▸ YOUR TASK: Your job is to print, exactly, the lines in the data below from the line with "Advances in Spacecraft" through the line with "TogetherTummy™ Daywear Tank Top and Splint", both included, and to omit any picture.

▸ SOURCE MATERIAL:

***

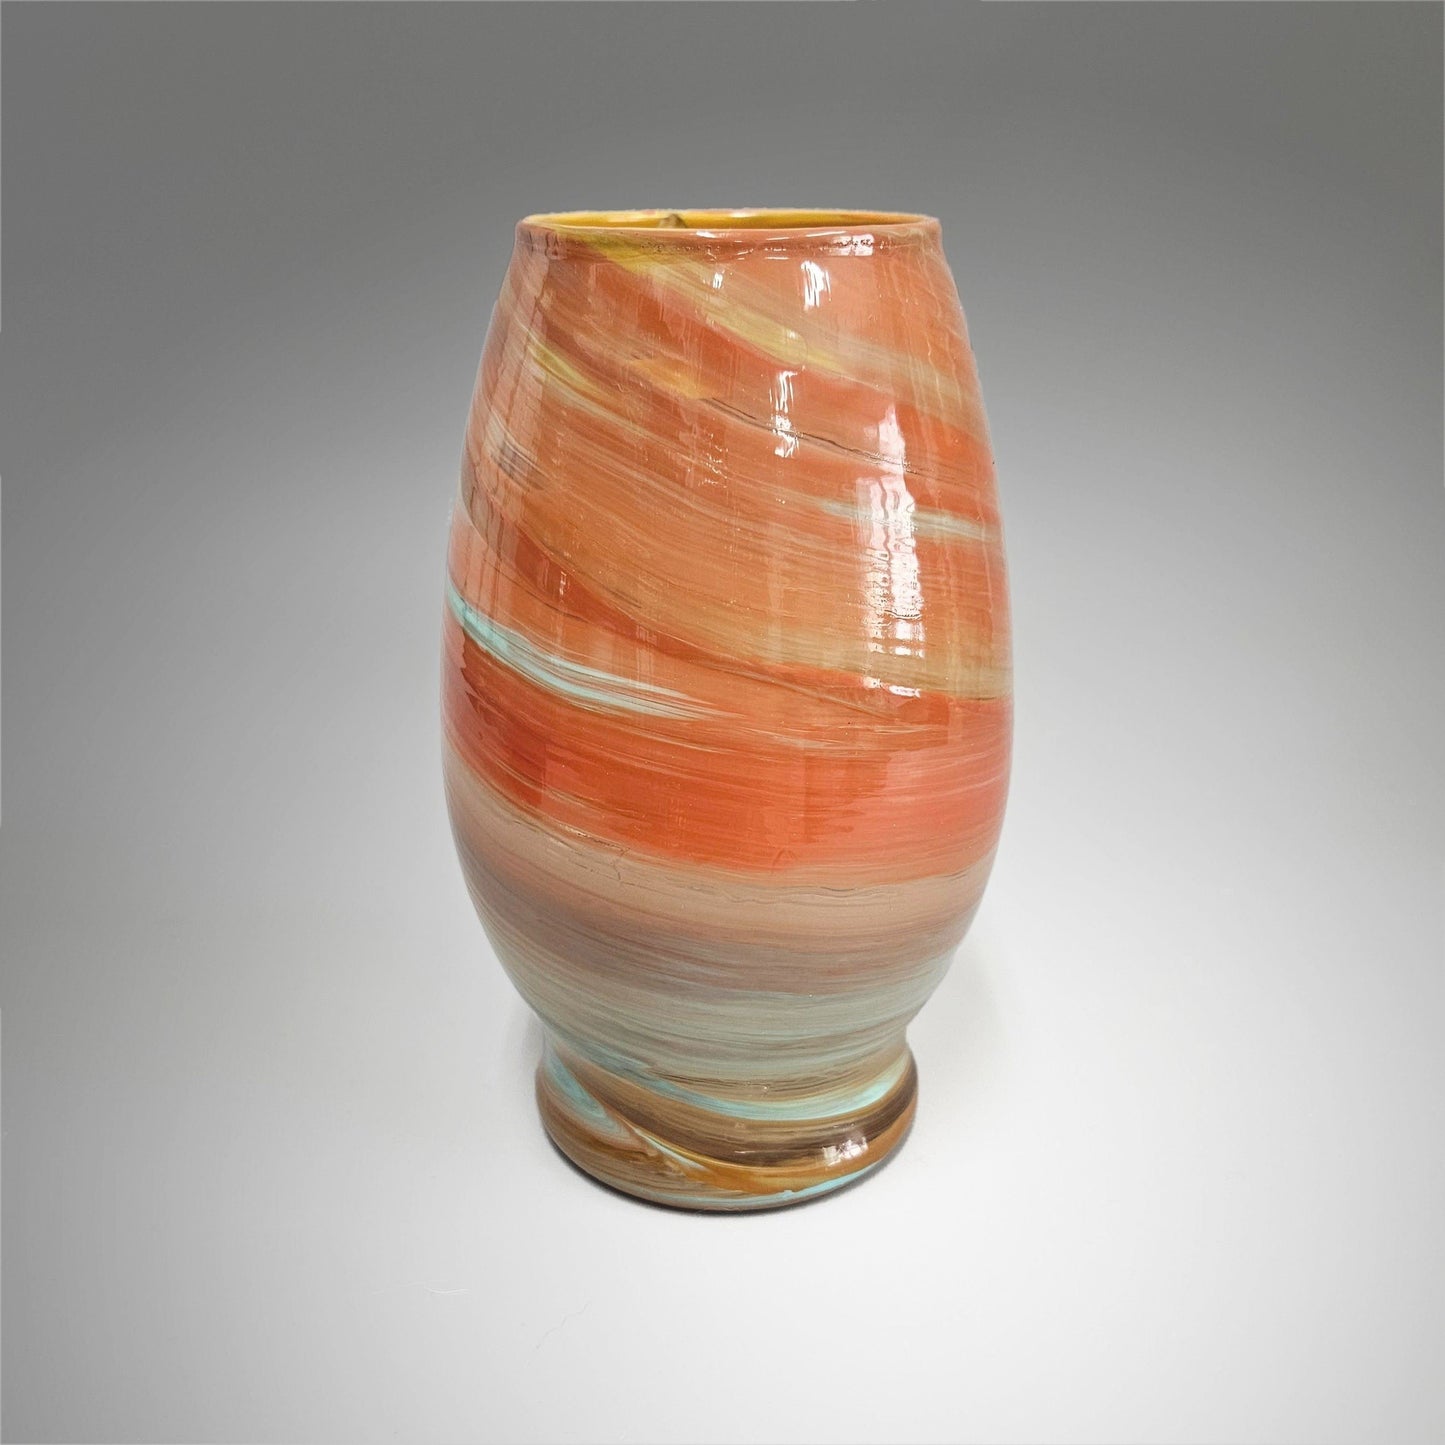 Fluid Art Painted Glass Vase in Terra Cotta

***

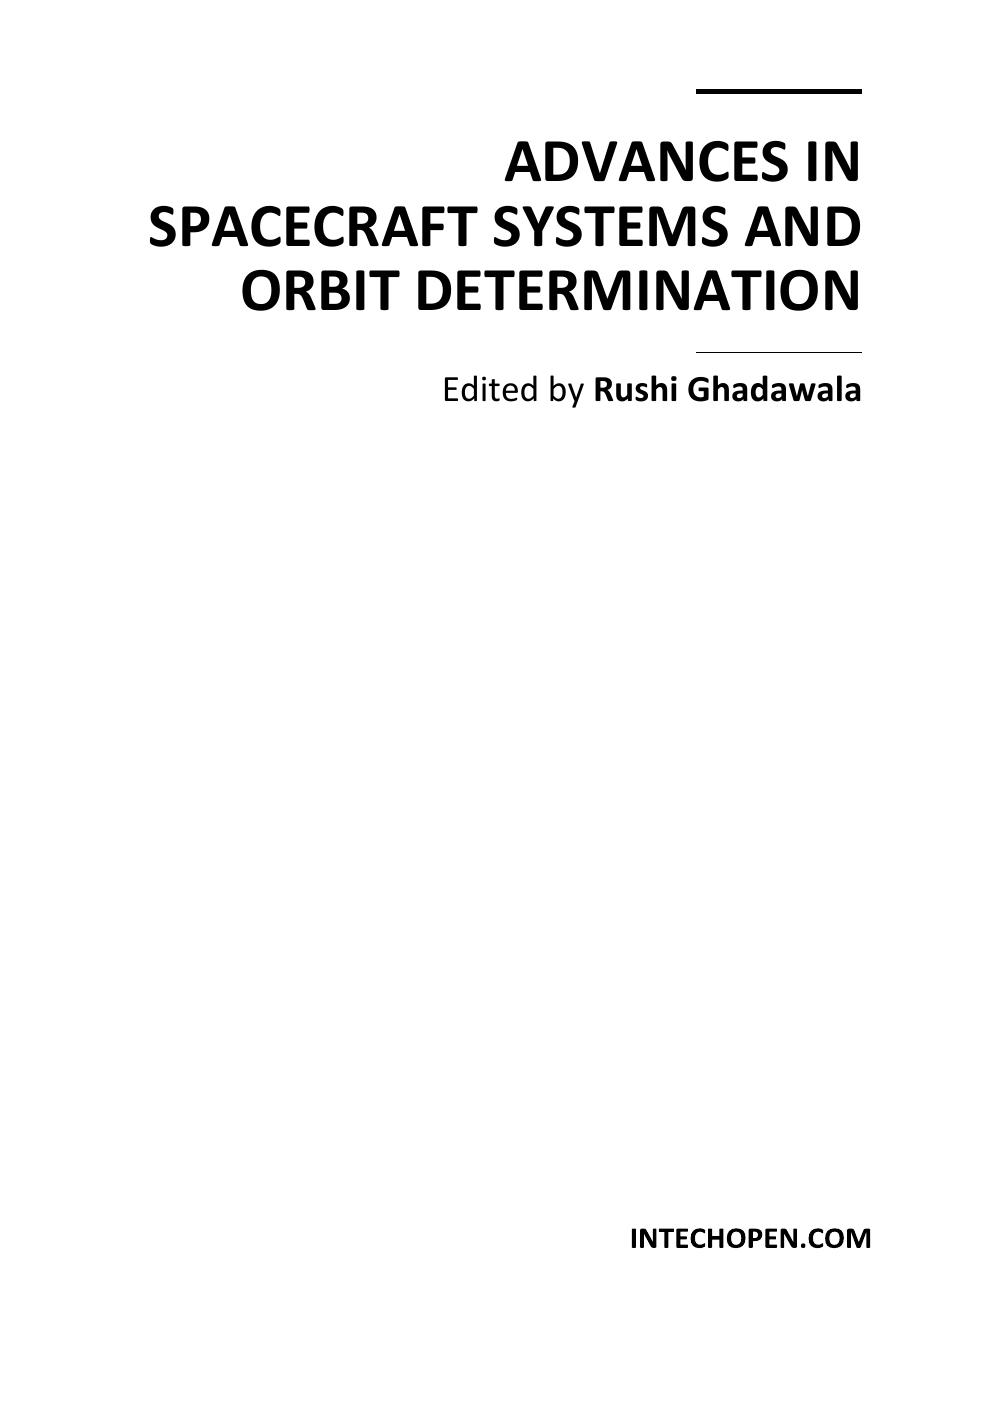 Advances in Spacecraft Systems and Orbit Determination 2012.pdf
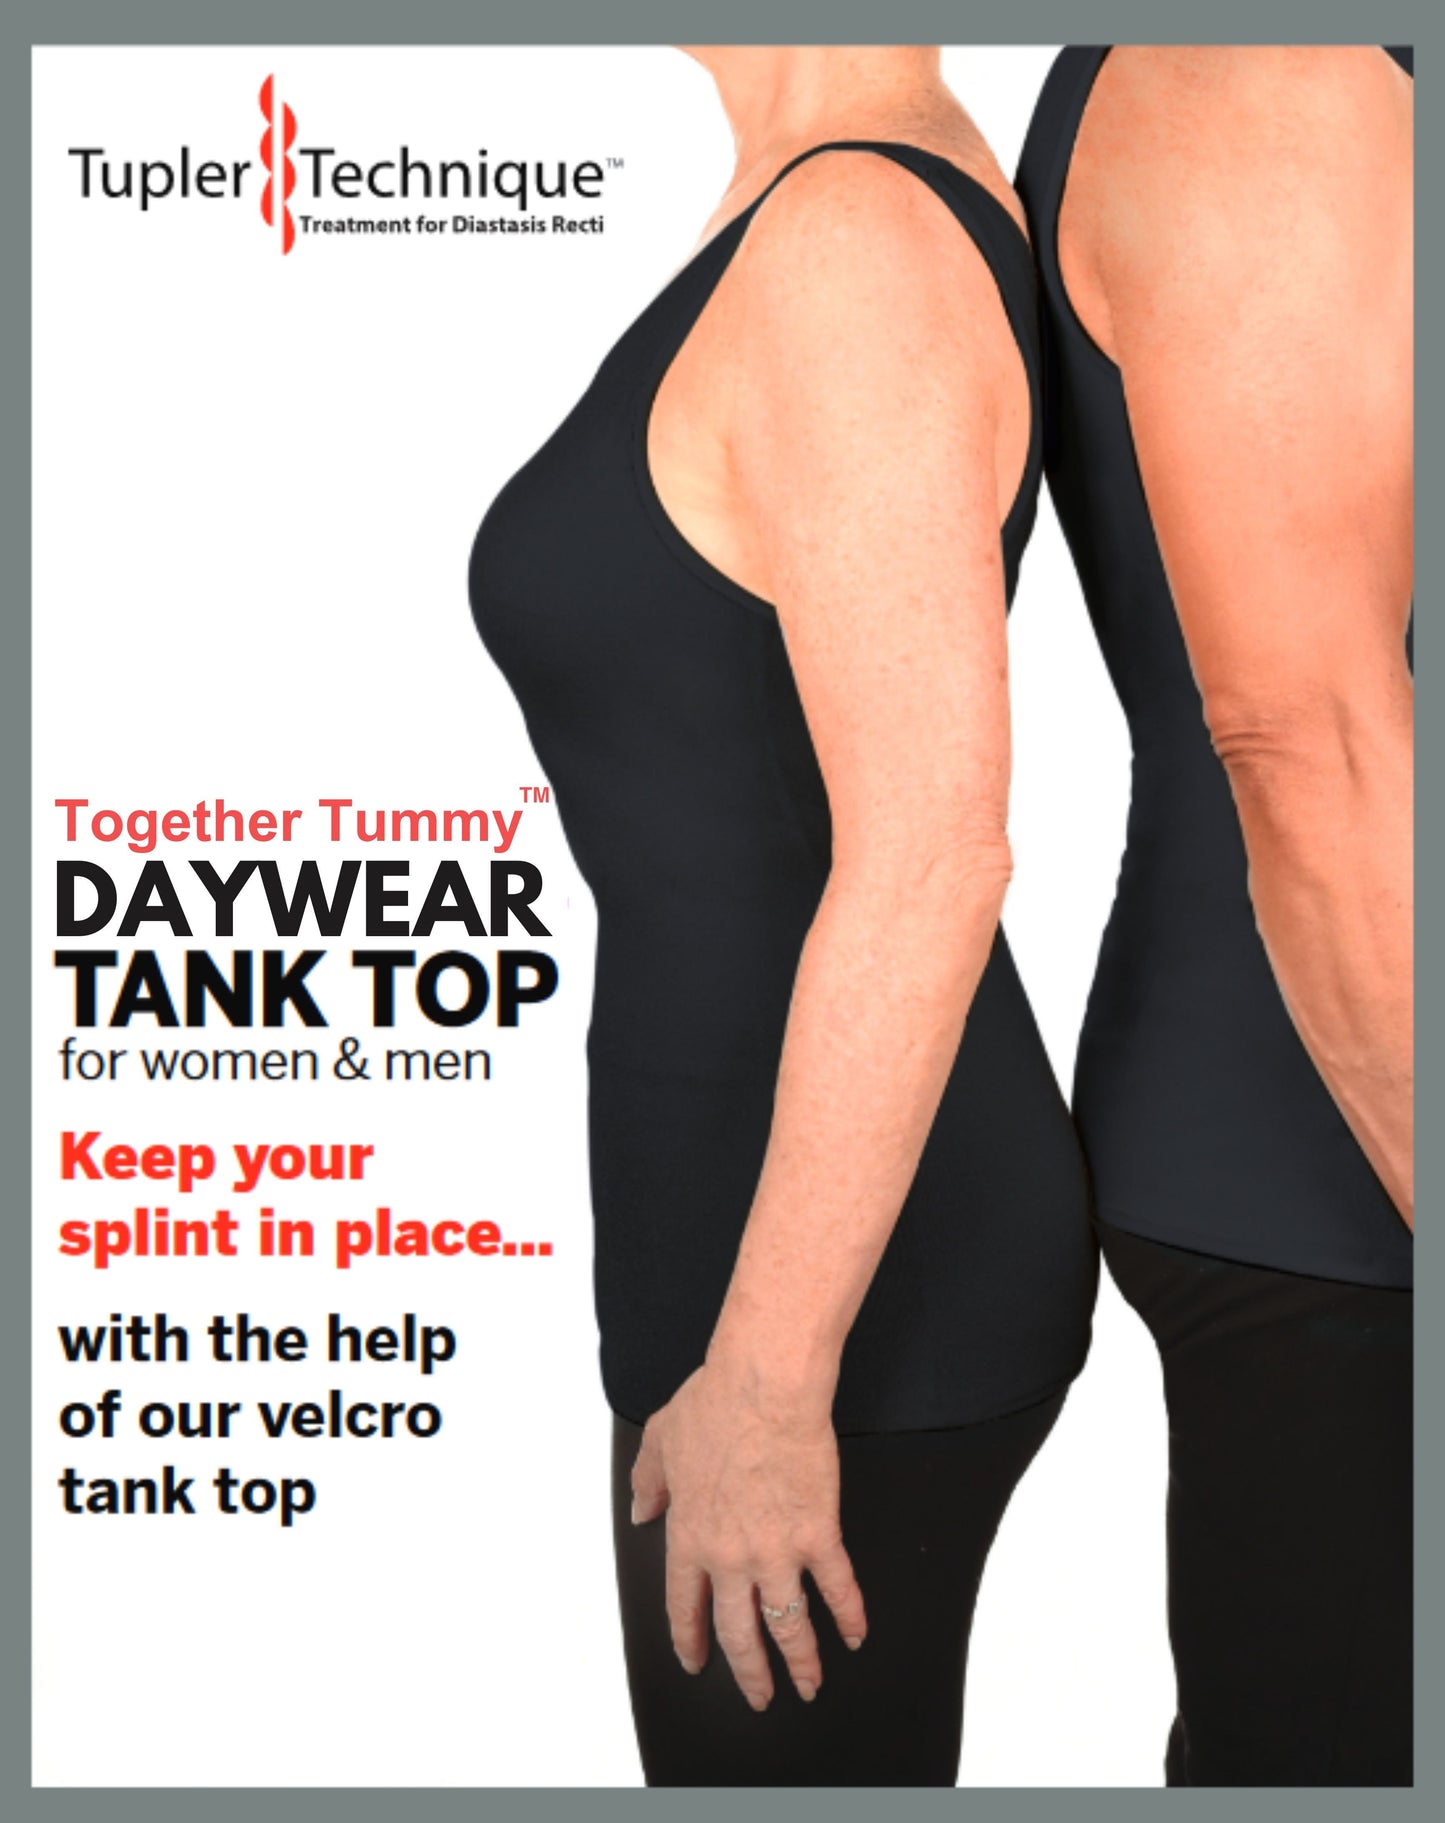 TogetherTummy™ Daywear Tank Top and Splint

***

▸ SOLUTION FOR THIS TASK:
 Advances in Spacecraft Systems and Orbit Determination 2012.pdf
 TogetherTummy™ Daywear Tank Top and Splint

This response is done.